From the documentation I understood that symlinks are not followed. So my expectation is to have an original file size of about 75MB. For some reason, borg shows about 150MB of file size:

borg -V
borg 1.1.6
borg info .
[...]
------------------------------------------------------------------------------
                       Original size      Compressed size    Deduplicated size
All archives:              157.28 MB            157.90 MB             78.95 MB

                       Unique chunks         Total chunks
Chunk index:                      44                   84

BTW, when having only one symlink a size of about 75MB is reported.

Any idea if this is a bug or just misunderstanding on my end?

ThomasWaldmann commented 6 years ago

Did that backup take more than 30 minutes? If so, it might be the bug related to checkpoints not being accounted correctly.

You can check it with:

borg list repo::archive --consider-part-files
toastie89 commented 6 years ago

Thanks for your reply. Actually it took only some seconds.

I've conducted the case described in the issue especially to reproduce the situation I've seen on larger scale in my backup.

ThomasWaldmann commented 6 years ago

Give me a script containing all commands needed to reproduce your issue. Try to keep the amount of commands / options / files as low as possible. Do not use absolute paths except if needed to demonstrate the issue.

toastie89 commented 6 years ago

Hi!

Below the commands to reproduce the issue.

After some trying I realized that I possibly misunderstood the information shown by borg info and there is actually no issue with the symlinks.

Each time I run borg create /test/backup::{now} /test/data the "Original size" show by borg info increases by 75MB even when the files don't change. Is this the correct behaviour?

docker run -it --rm -v `pwd`/tmp:/test b3vis/borgmatic sh
mkdir -p /test/data/files /test/data/links /test/backup
dd if=/dev/urandom of=/test/data/files/75MB bs=1 count=75MB
cd /test/data/links/
ln -s /test/data/files  another1
ln -s ../data/files     another2
ls -lah
du -h /test/data                 # we have about 71,5MB in /test/data
borg init -e none /test/backup
borg create /test/backup::{now} /test/data
borg create /test/backup::{now} /test/data
borg info /test/backup
# borg info shows now about 150 MB as "Original size"
rm -R ~/test
exit

Thanks in advance for your help!

ThomasWaldmann commented 6 years ago

Can it be reproduced without docker and without absolute pathes?

toastie89 commented 6 years ago

Hi! Yes.

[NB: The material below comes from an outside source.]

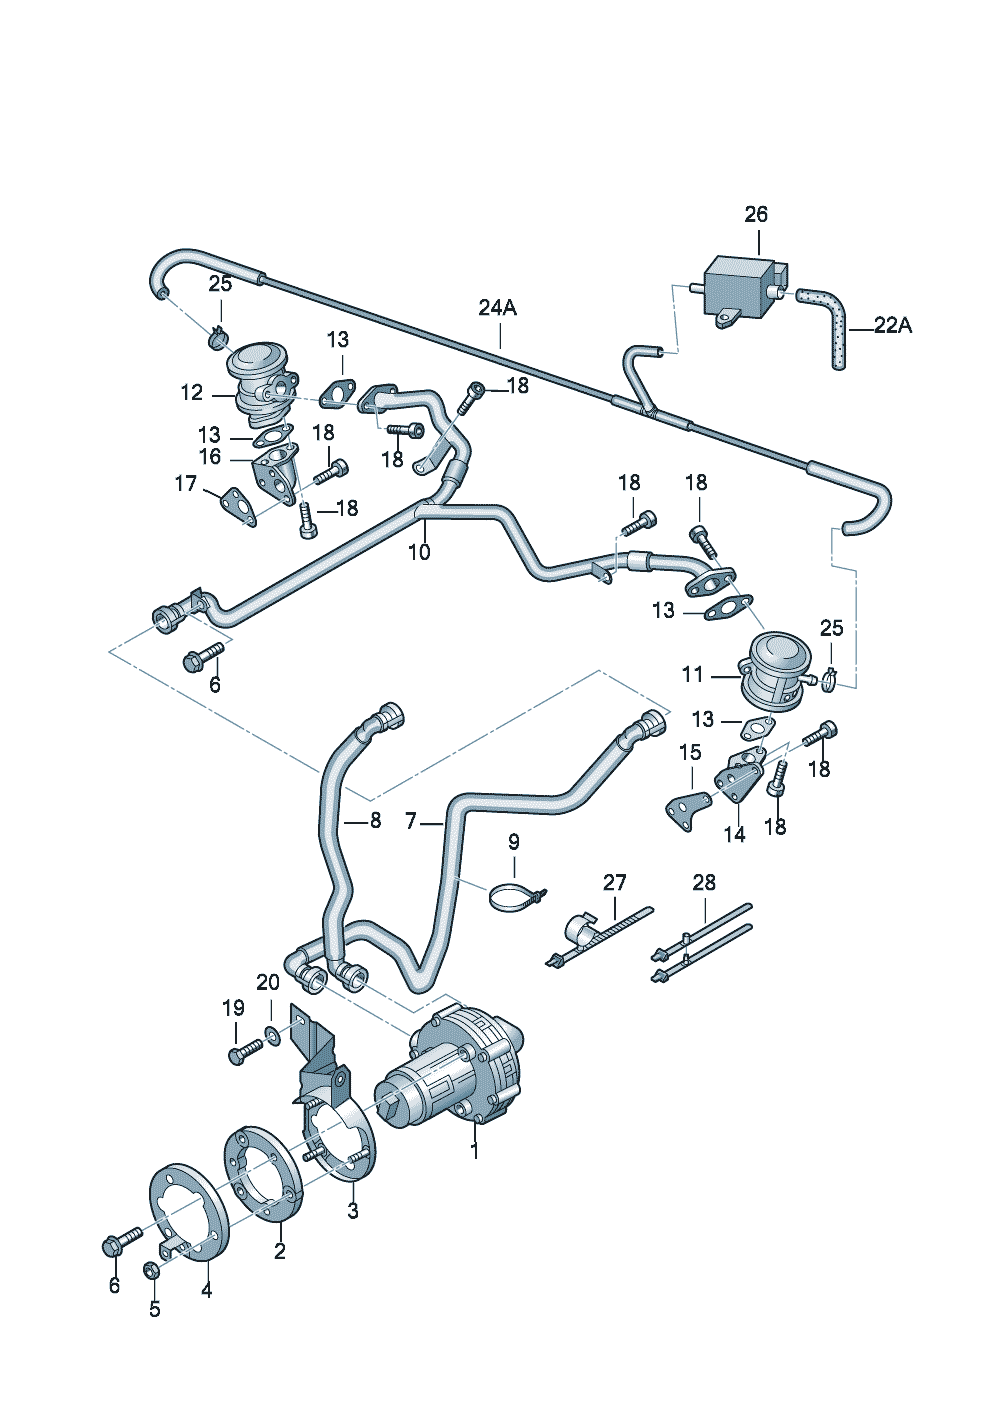 Secondary air pump 2.8 Ltr. - Audi A4/S4/Avant - a4q

Just tried in an vanilla Ubuntu 18.04 live environment and the numbers multiply with each backup, even without symlinks:

borg --version                   # borg 1.1.5
mkdir -p /test/data/files /test/backup
dd if=/dev/urandom of=/test/data/files/75MB bs=1 count=75MB
du -h /test/data                 # we have about 72MB in /test/data
borg init -e none /test/backup
borg create /test/backup::{now} /test/data
borg create /test/backup::{now} /test/data
borg info /test/backup
# borg info shows now about 150 MB as "Original size"
ThomasWaldmann commented 6 years ago

This does not look like a reproduction script for the initial issue.

Of course does the original size multiply (75, 150, 225, ... for 1st, 2nd, 3rd backup) because you did a full backup of 75MB per backup run. The dedup size column is the number you want to look at for this case.

But in the first issue you described something else.

You are still using absolute paths (/test/...) that are not existent on a normal system nor does one have write permissions to that place without root. If you write a script for reproduction, that's a bad idea, just stay in the current directory, e.g. $HOME/testing and do all stuff with relative paths (like repo).